#### Records
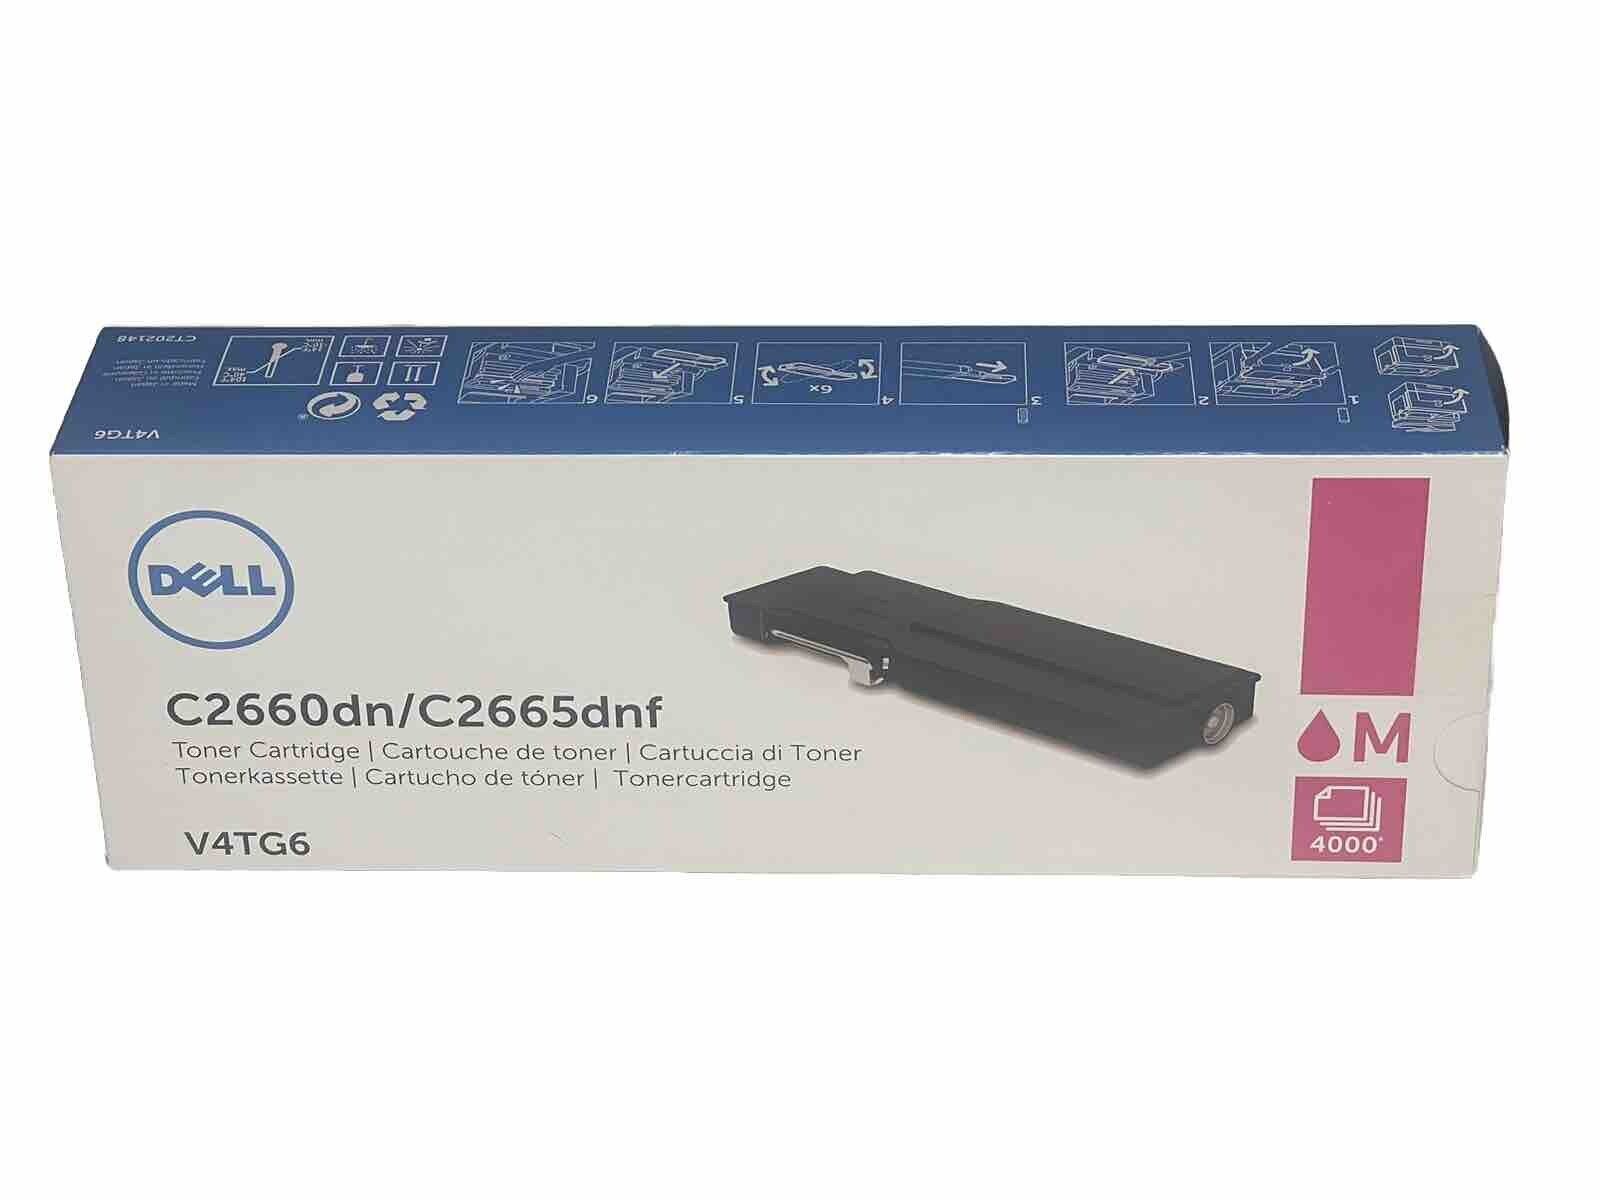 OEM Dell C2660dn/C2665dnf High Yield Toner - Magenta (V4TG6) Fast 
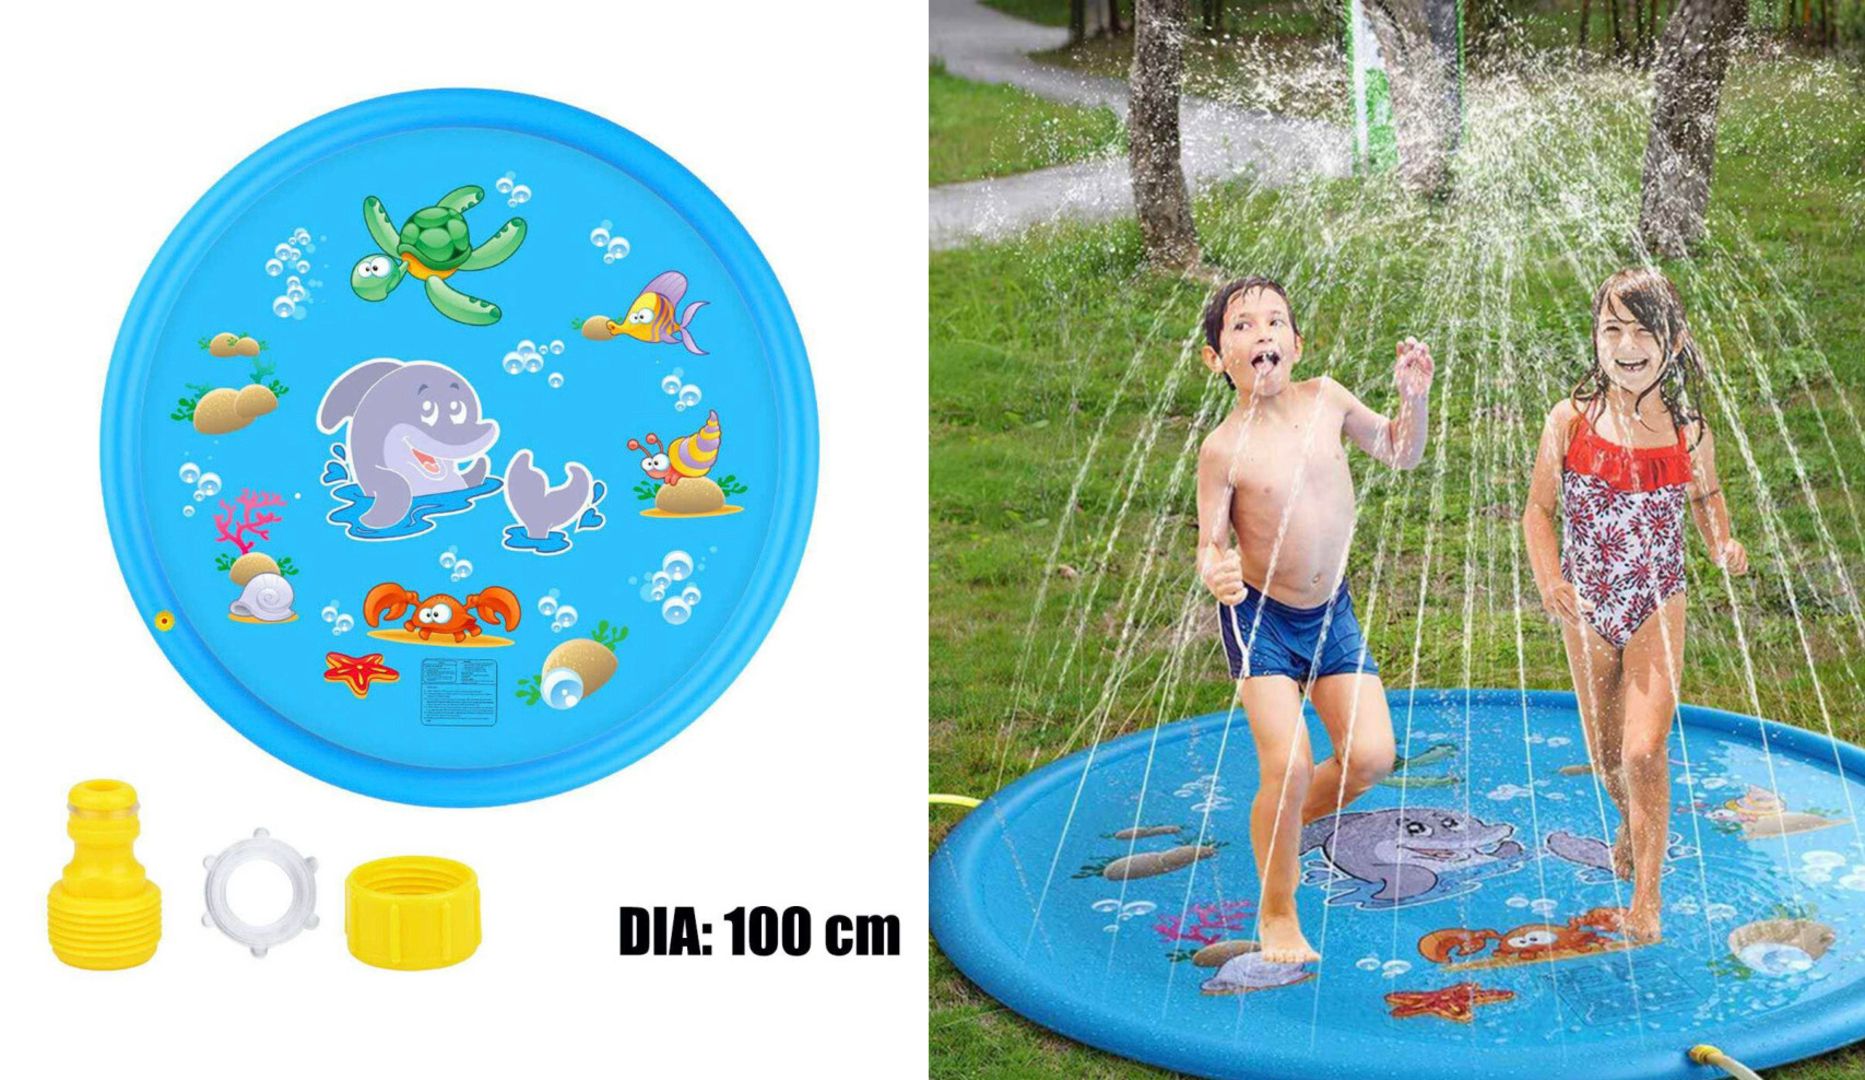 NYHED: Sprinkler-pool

...

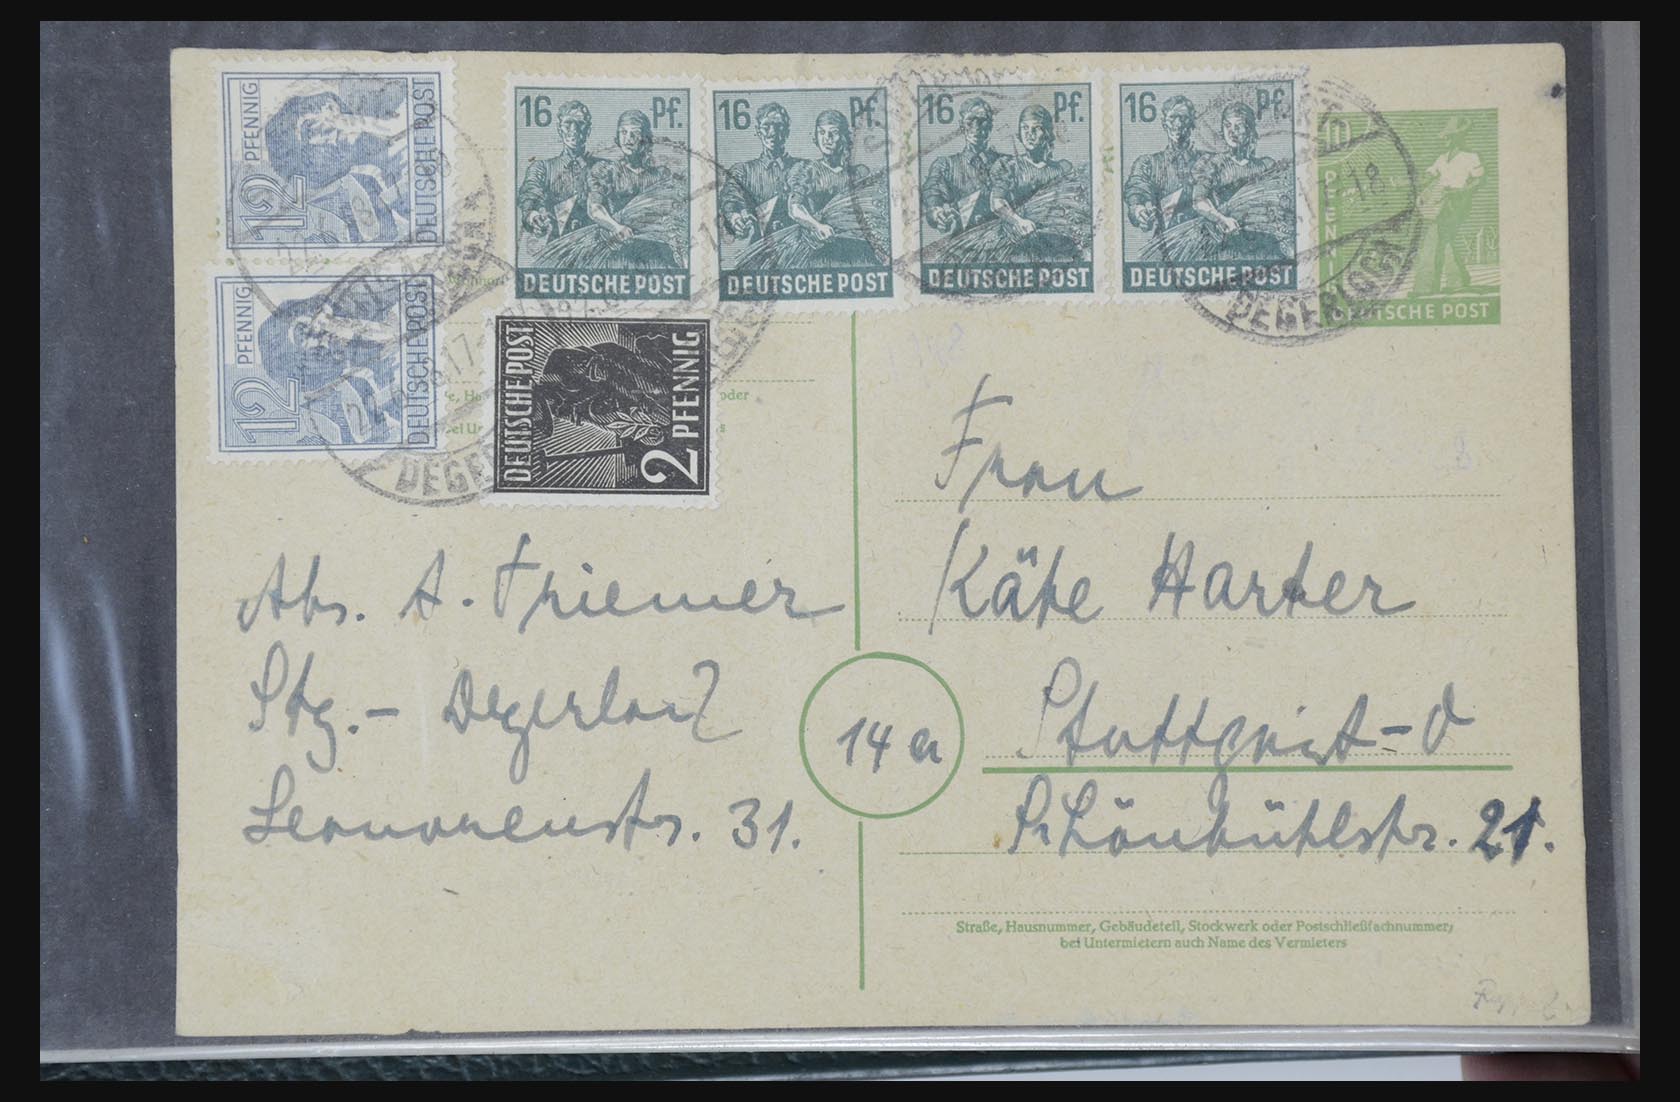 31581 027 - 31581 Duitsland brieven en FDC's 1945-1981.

#### Task objective
Give back exactly the lines of the listing above from the one that contains "OEM Dell C2660dn/C2665dnf" up to and including the one that contains "NYHED: Sprinkler-pool", but not the pictures, and no other lines.

#### Result of this exercise
 OEM Dell C2660dn/C2665dnf High Yield Toner - Magenta (V4TG6) Fast 
 NYHED: Sprinkler-pool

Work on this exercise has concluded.